= Anne Marie Lütken =

Danish painter

Anna Maria (Anne Marie) Lütken (1916–2001) was a Danish painter who is remembered above all for her distinctive figure paintings, frequently based on her mother, her grandmother or herself as models. She also painted scenes of nature, including landscapes from Vendsyssel in the north of Jutland. In 2008, her works were presented together with those of Agnete Bjerre in an exhibition at Vrå where she was a member of the cultural association from 1956.

==Biography==
Born on 29 September 1916 in Årby near Kalundborg, Anna Maria Lütken was the daughter of the writer Povline Lütken (1893–1977). From 1947, she studied at the Royal Danish Academy of Fine Arts under Vilhelm Lundstrøm, Kræsten Iversen and Elof Risebye, graduating in 1955. While still studying, she exhibited her works from 1951, contributing to the Charlottenborg Spring Exhibitions (1953–1975) and Vrå exhibitions (1953–1984), and to many other shows.

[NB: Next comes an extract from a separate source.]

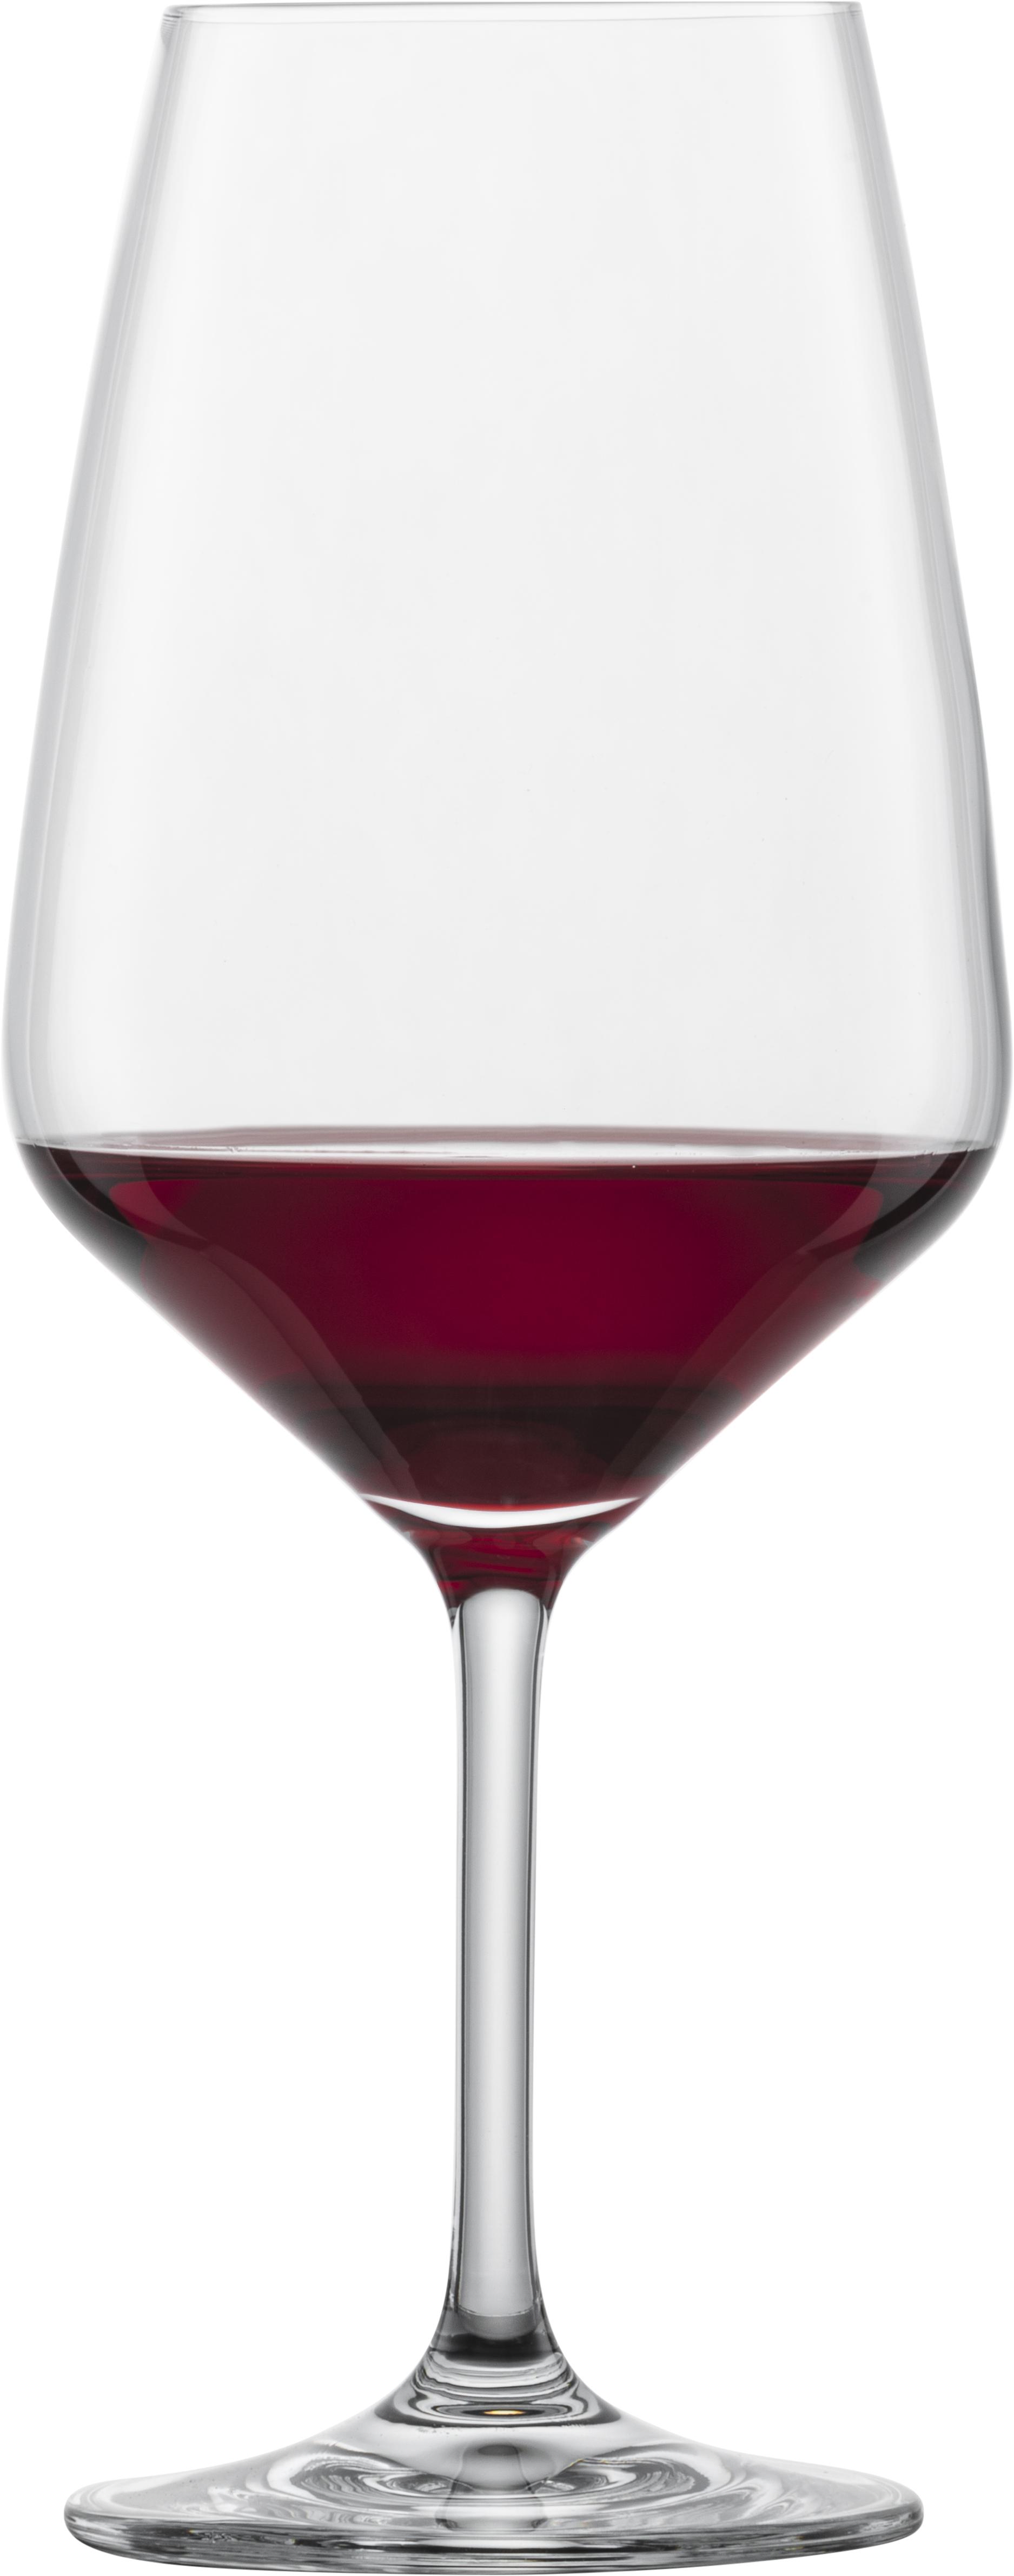 Sklenice na červené víno BORDEAUX 656ml 6ks TASTE SCHOTT ZWIESEL

From her début in 1951, Lütken developed her monumental figure style, becoming a distinctive contributor to Danish painting. She frequently used her mother and grandmother as models, her female figures extending over most of the painting surface. Her figures are usually combined with details such as the side of a chair leg or a table top, resulting in their appearance as part of a spatial whole. In her well balanced compositions, dark brown, green and greyish black areas form contrasts with a few much brighter areas. In her most successful works, the figures present stunning expressions of human existence.

In 2008, her works were presented together with those of Agnete Bjerre in an exhibition at Vrå. She had grown up in Vendsyssel and had been a member of the cultural association in Vrå from 1956.

Anne Marie Lütken died on 10 August 2001 and is buried in Hellerup Cemetery.